Aroma Sandwich Bread - the easiest version

 

COMMENTS:

  • If you use the optional whole grain berries (I made the bread with and without, both versions are great) add more salt: 9 g/0.3 oz instead of 7 g/0.25 oz. 
  • Instead of sunflower seeds you can also take pumpkin seeds (or a mixture of both.)
  • Toast the seeds, before adding them to the dough.
  • For an easier, risk free transport of the proofed bread into the hot pot, use a large piece of parchment paper as a sling to lower the bread gently into the pot. You don't have to remove it.

 

AROMA BREAD    1 (2-pound) loaf

 

Grain Berries (optional):

1/2 cup whole wheat, rye, kamut, or spelt berries

cold water, for soaking

 

Dough:

340 g/12 oz whole spelt flour (3 cups)

107 g/ 3.75 oz whole rye flour (1 cup)

  57 g/2 oz coarse or medium stone ground cornmeal (1/2 cup)

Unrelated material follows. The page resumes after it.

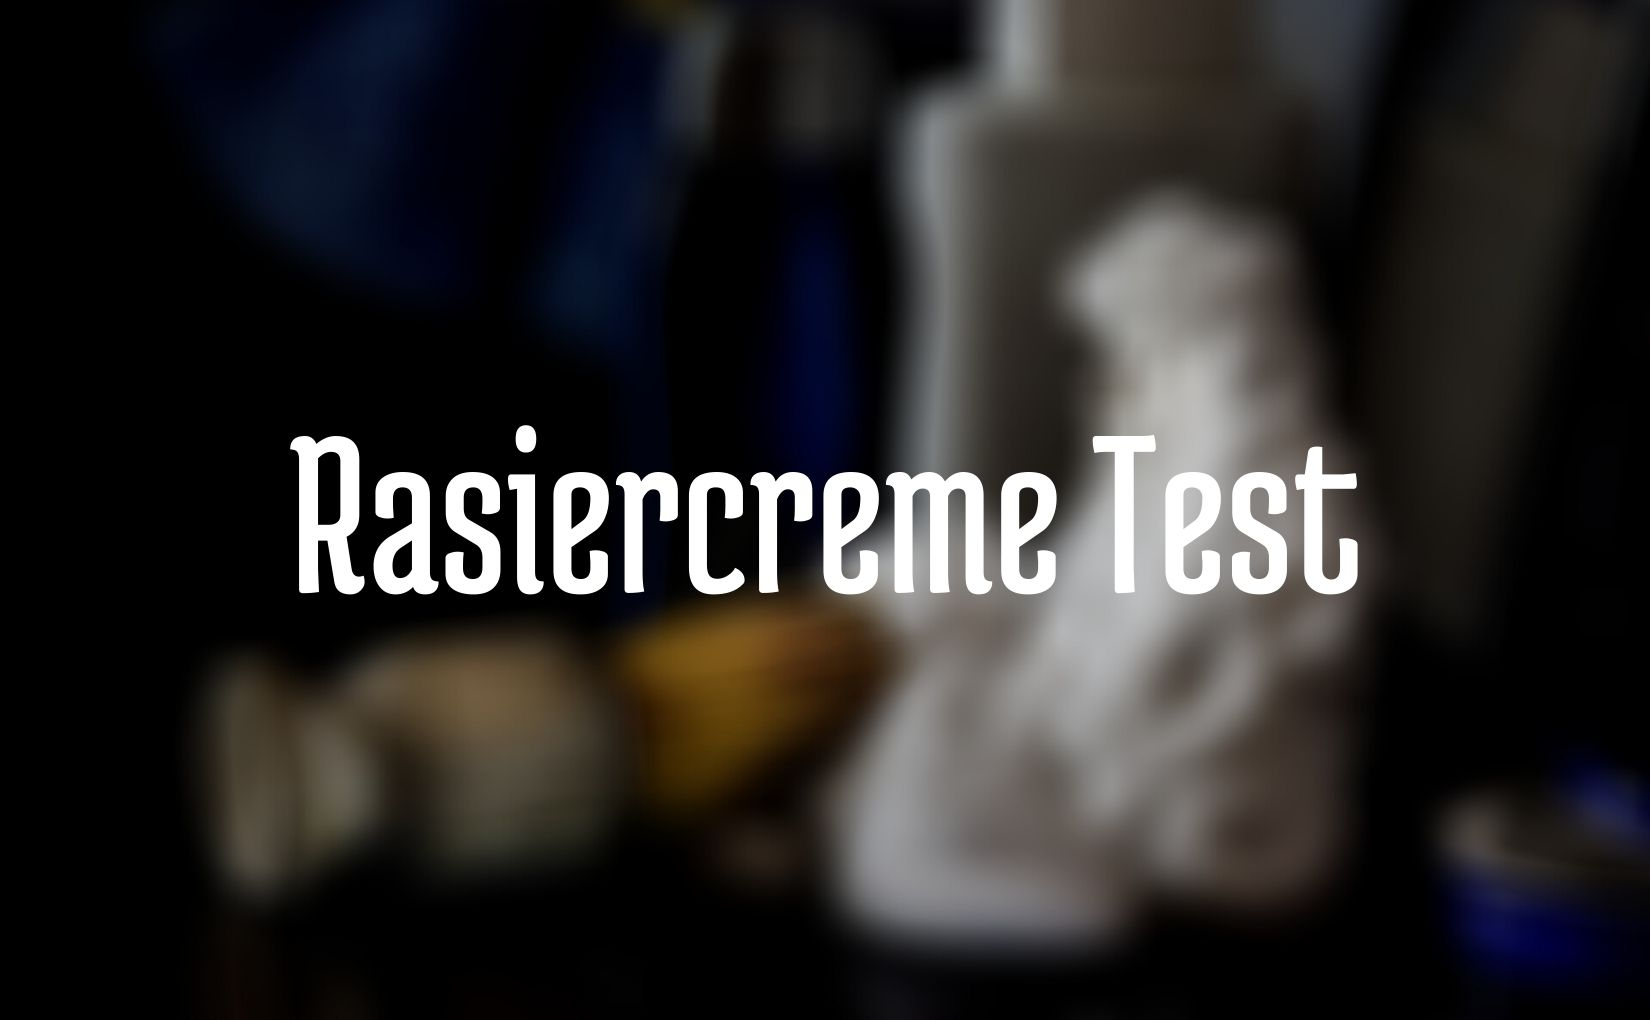 Rasiercreme Test

  67 g/ 2.35 oz sunflower or pumpkin seeds, toasted (1/2 cup)

  35 g/ 1.25 oz flax or sesame seeds, toasted (1/4 cup)

   2 tbsp. aroma spice blend*)

    7 g/ 1 1/2 tsp fine sea salt (or 9 g/0.3 oz if using whole grain berries)

    1 g/ 1/4 tsp. instant yeast

     all soaked whole grain berries (if using)

475 g/2 cups cold water

cornmeal, for sprinkling

 *) Aroma spice blend: mix 6 tablespoons whole coriander seeds with 3 tablespoons each fennel and caraway seeds (enough for 6 loaves).

 

 DAY 1

In the morning, place whole grain berries in a bowl and cover with at least 1-inch cold water. Cover, and leave at room temperature to soak. Before using, drain them through a strainer (by the way, the soaking water is an excellent fertilizer for your plants.)

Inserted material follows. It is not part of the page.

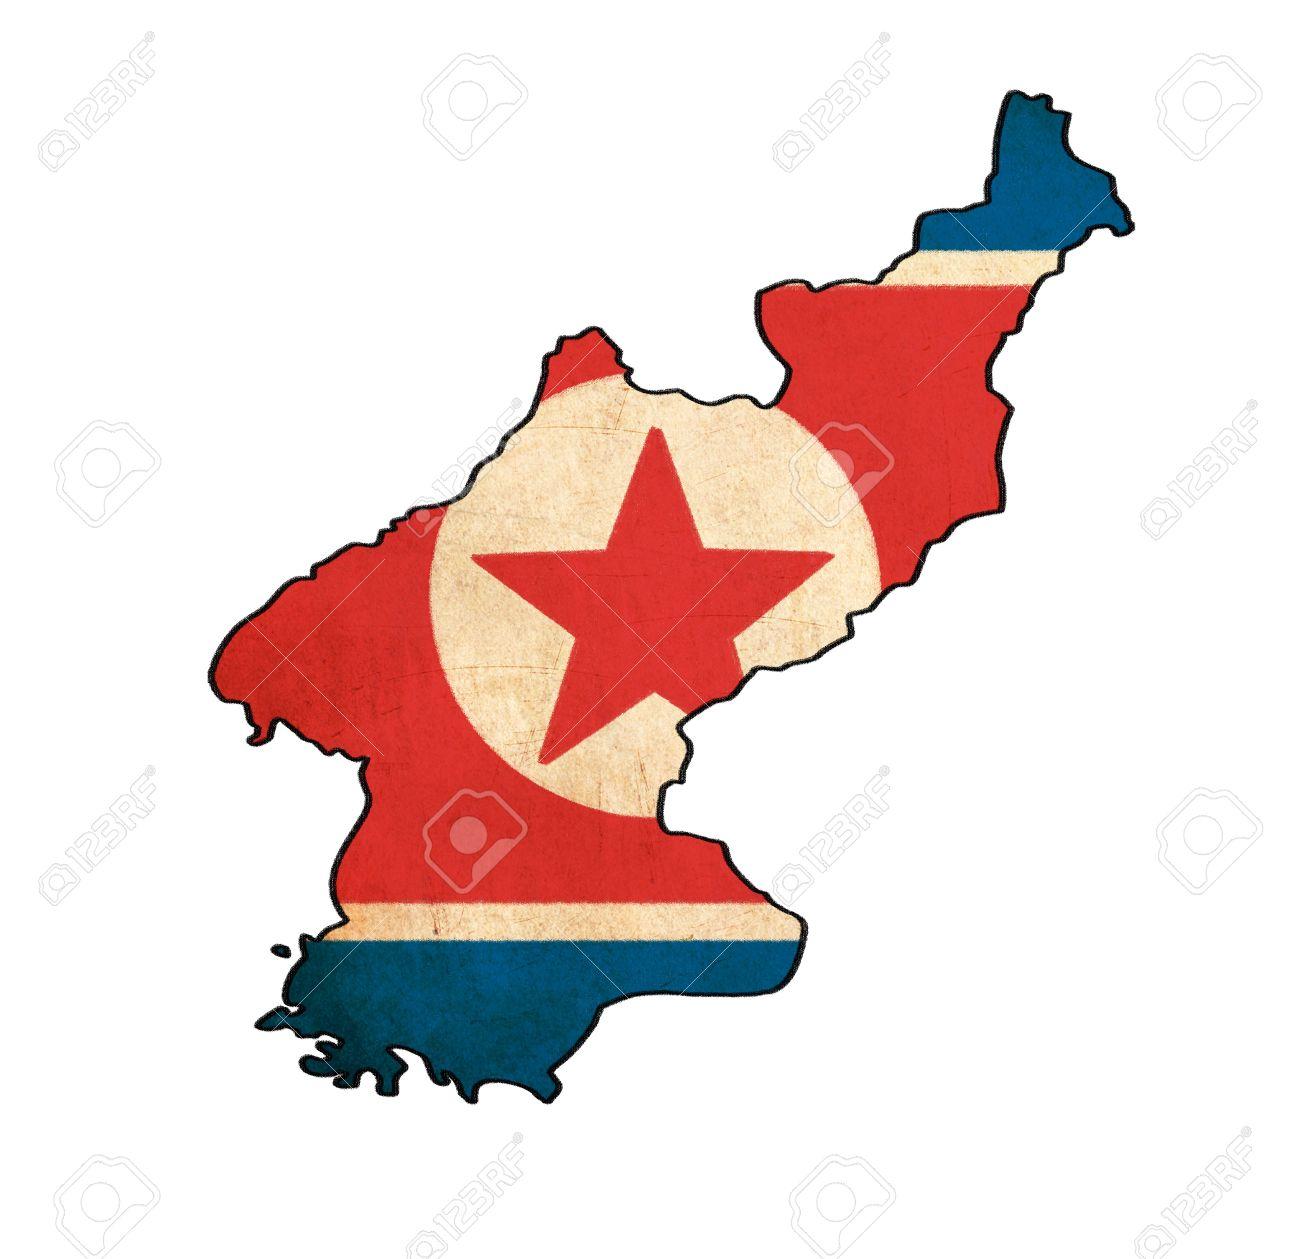 North Korea Map On North Korea Flag Drawing ,grunge And Retro ...

Mixed dough - I used black sesame seeds for a nice contrast

In the evening, whisk together all ingredients for the dough in a large bowl, except for soaked grain berries and water. Scatter grain berries on top, and add almost all the water. Stir with a dough whisk or wooden spoon until all flour is hydrated. (Dough will be wet and sticky, if not, add a bit more water.) Cover with plastic wrap, and let sit at room temperature to ferment for 12 - 18 hours.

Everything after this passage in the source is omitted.